Headlines of Harry’s testimony are dominated by an alleged physical altercation between him and his brother. According to the duke, Prince William pressed him not to speak of it to Meghan. Harry did contact his therapist and says he has been in therapy for four or five years. Harry disclosed in 2021 that he had sought help in a technique called eye movement desensitisation and reprocessing (EMDR). This involves the patient recalling the traumatic event and typically then focusing on an external stimulus that requires rapid eye movement.


There is little hard evidence from controlled studies that EMDR is effective. But, like other variants of psychotherapy, it is born of a generous impulse and the mere fact of talking to a sympathetic personality when recounting mental disturbance may be of benefit in itself. And by recounting his experience of therapy, Harry can help dispel stigma. There is nothing shameful in seeking professional help for mood disorders. Perhaps depression or anxiety will eventually go away of its own accord but the human costs are severe and it isn’t necessary to suffer in silence. To imagine the solution lies in an effort of will is as futile as supposing that a broken limb can be restored by the power of prayer.


There is nothing shameful in seeking professional help for mood disorders, as Prince Harry has done


It is likely, given the unhappiness he has experienced in his family relations, Harry has received psychodynamic therapy. The idea is to explore the various factors (or dynamics) that affect a person’s life.
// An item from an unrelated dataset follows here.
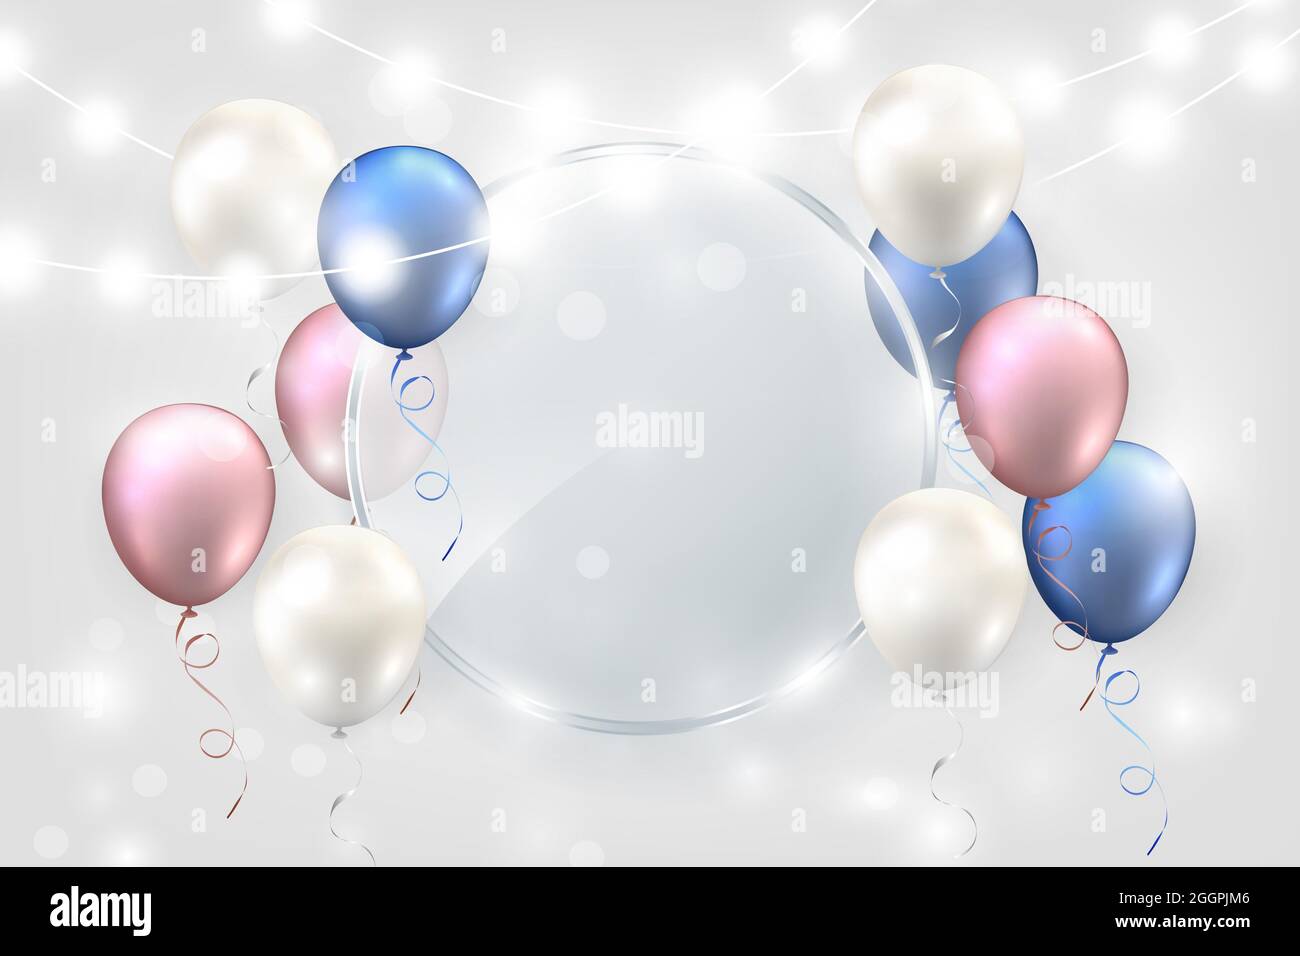 Elegant blue purple pink white ballon and decorative lighting chains round  transparent glass plate Happy Birthday celebration card banner template  Stock Photo - Alamy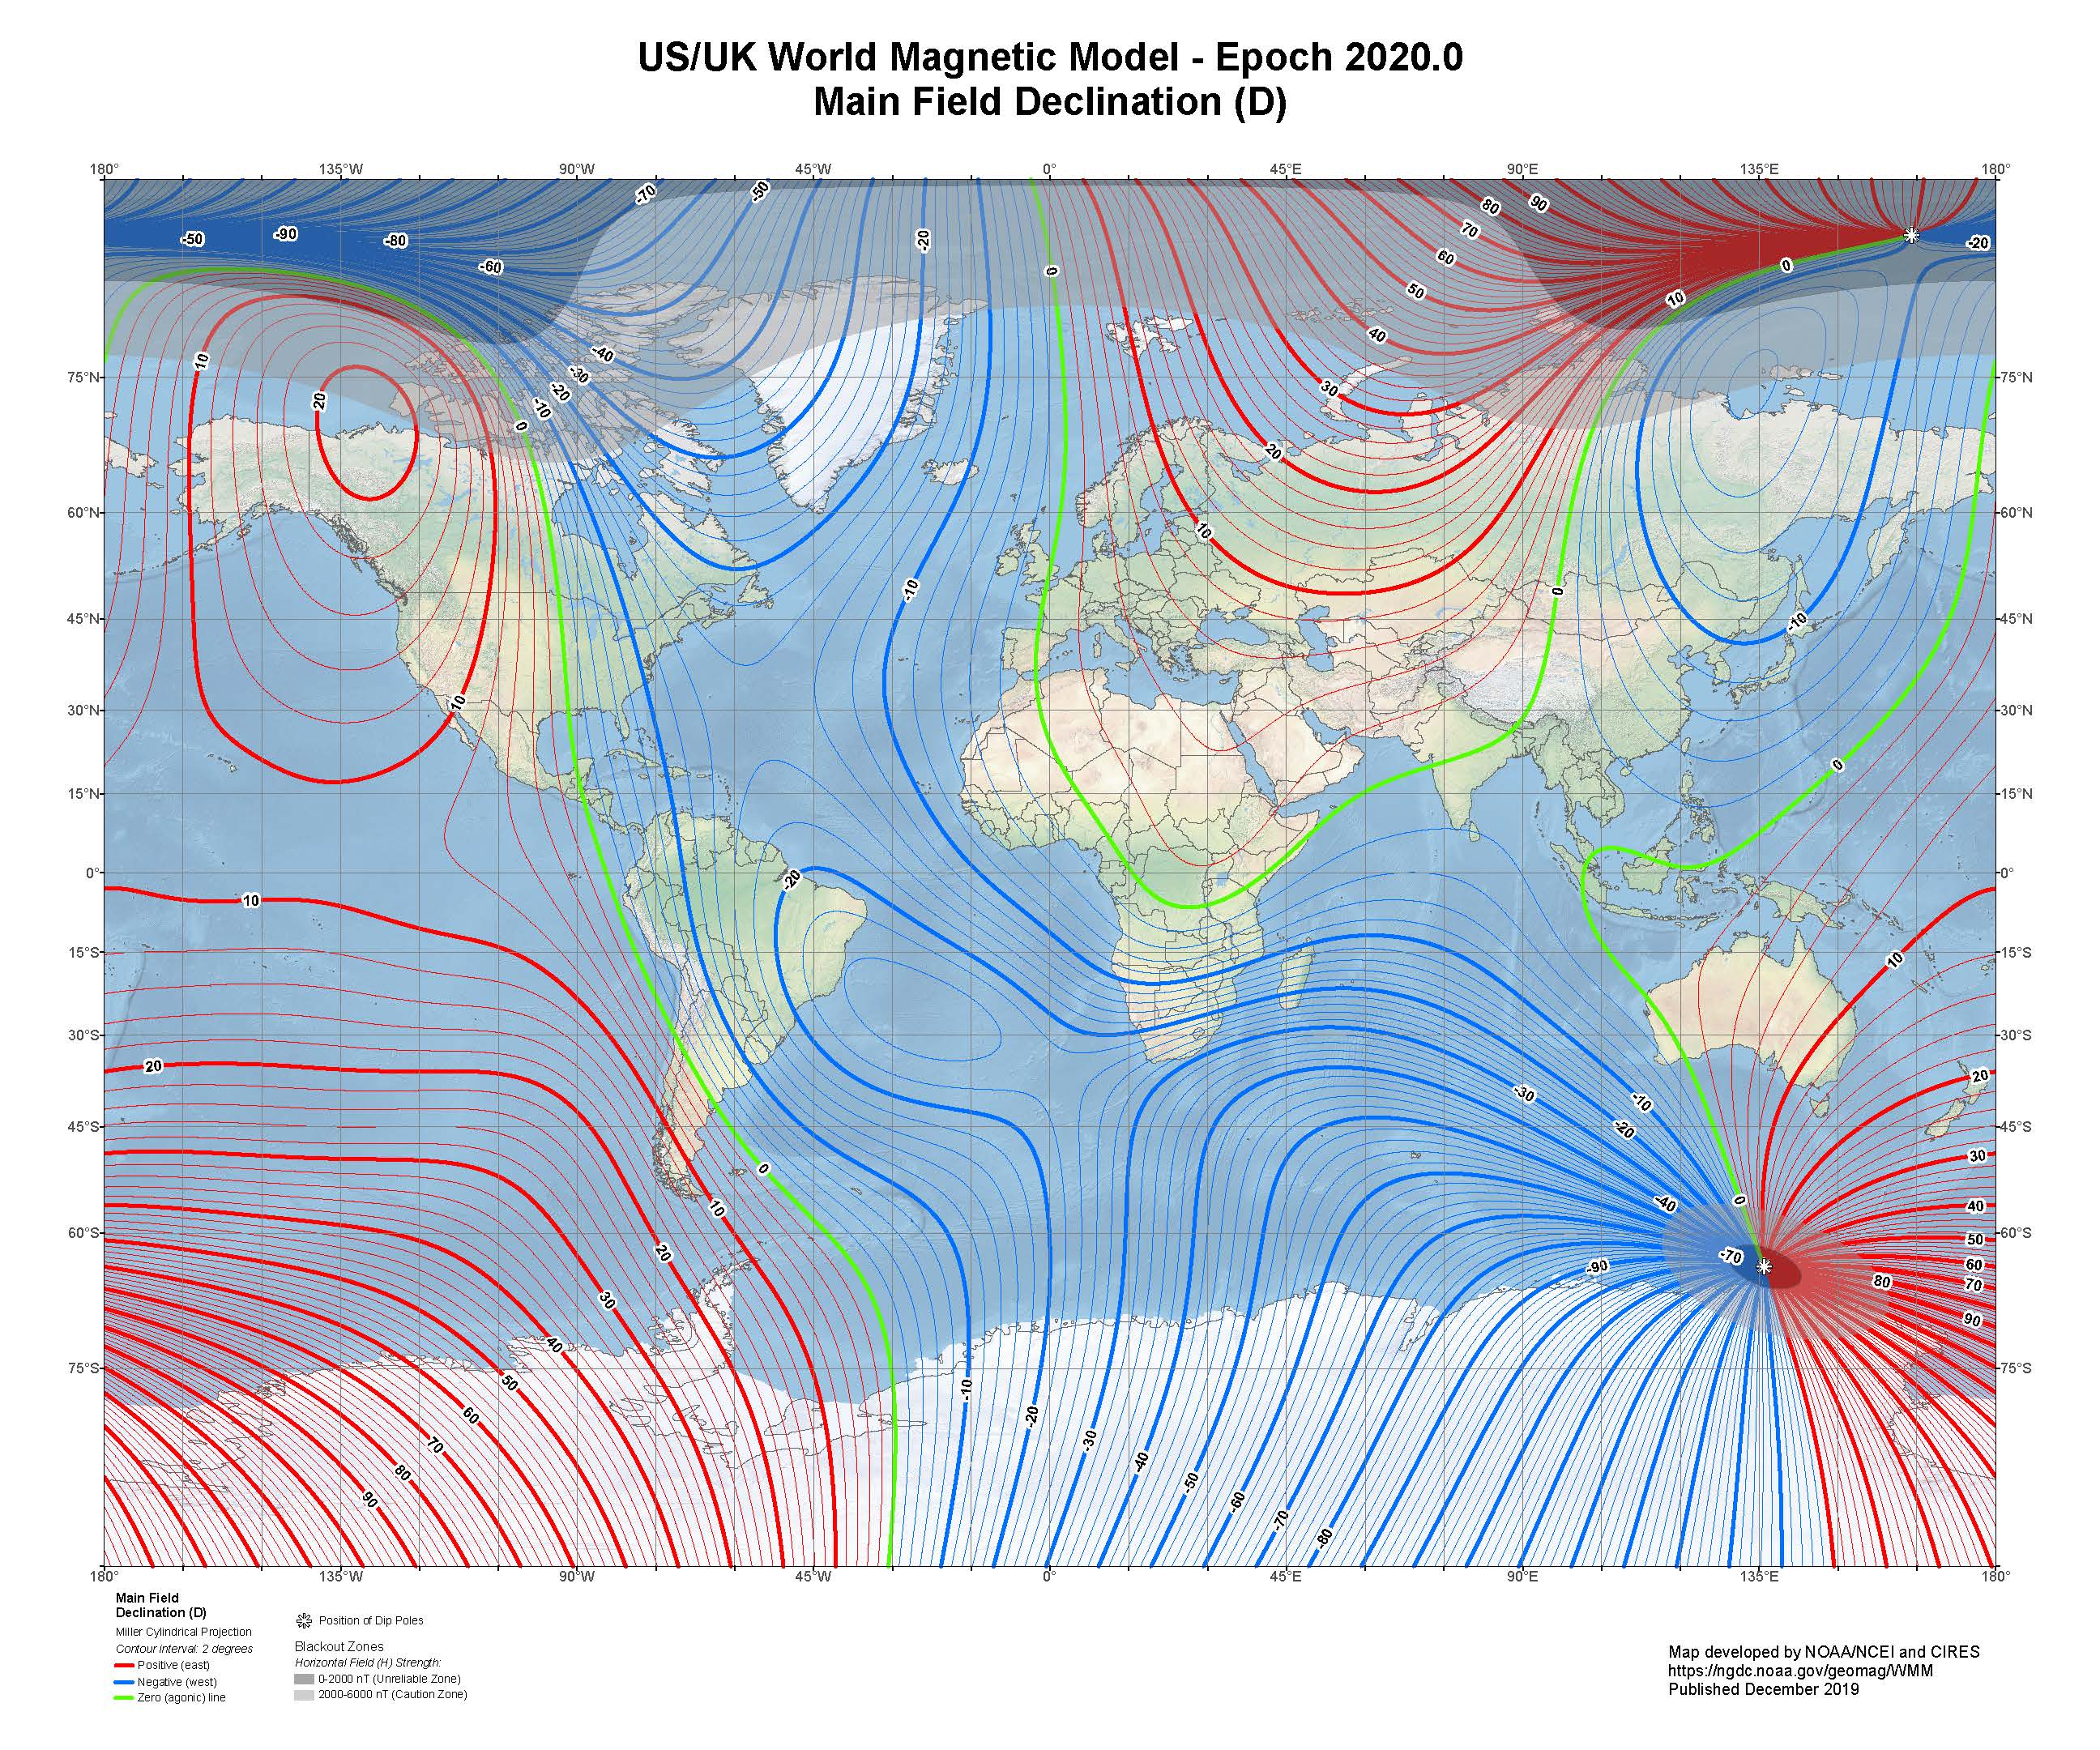 US/UK World Magnetic Model - Epoch 2020.0: Main Field Declination

It often involves examining the patient’s memories, possibly dating back to early life. The evidence for its value in treating mood, anxiety and psychotic disorders is mixed but it is widely used in treatment of personality disorders and forensic psychiatry, and in group and family therapy. In Britain, notably, these therapies have been influenced by object relations theory, which stresses the importance of human contact and relationships. To people who may never have had a positive relationship in their lives, it can be of immense value.


My own experience of severe clinical depression, for a full year, in which I could barely function and was consumed with feelings of guilt and yearnings for death, was addressed by cognitive behavioural therapy (CBT). It involved no trawling of my childhood memories (which were happy) but got me to interrogate the grounds of my belief that I was worthless and evil. I was lucky to find an expert clinical psychologist but CBT can be done online and without a skilled practitioner. It not only helped me recover completely but permanently improved the quality of my life.


Harry’s personality will not appeal to all but his openness on matters of the mind can only do good.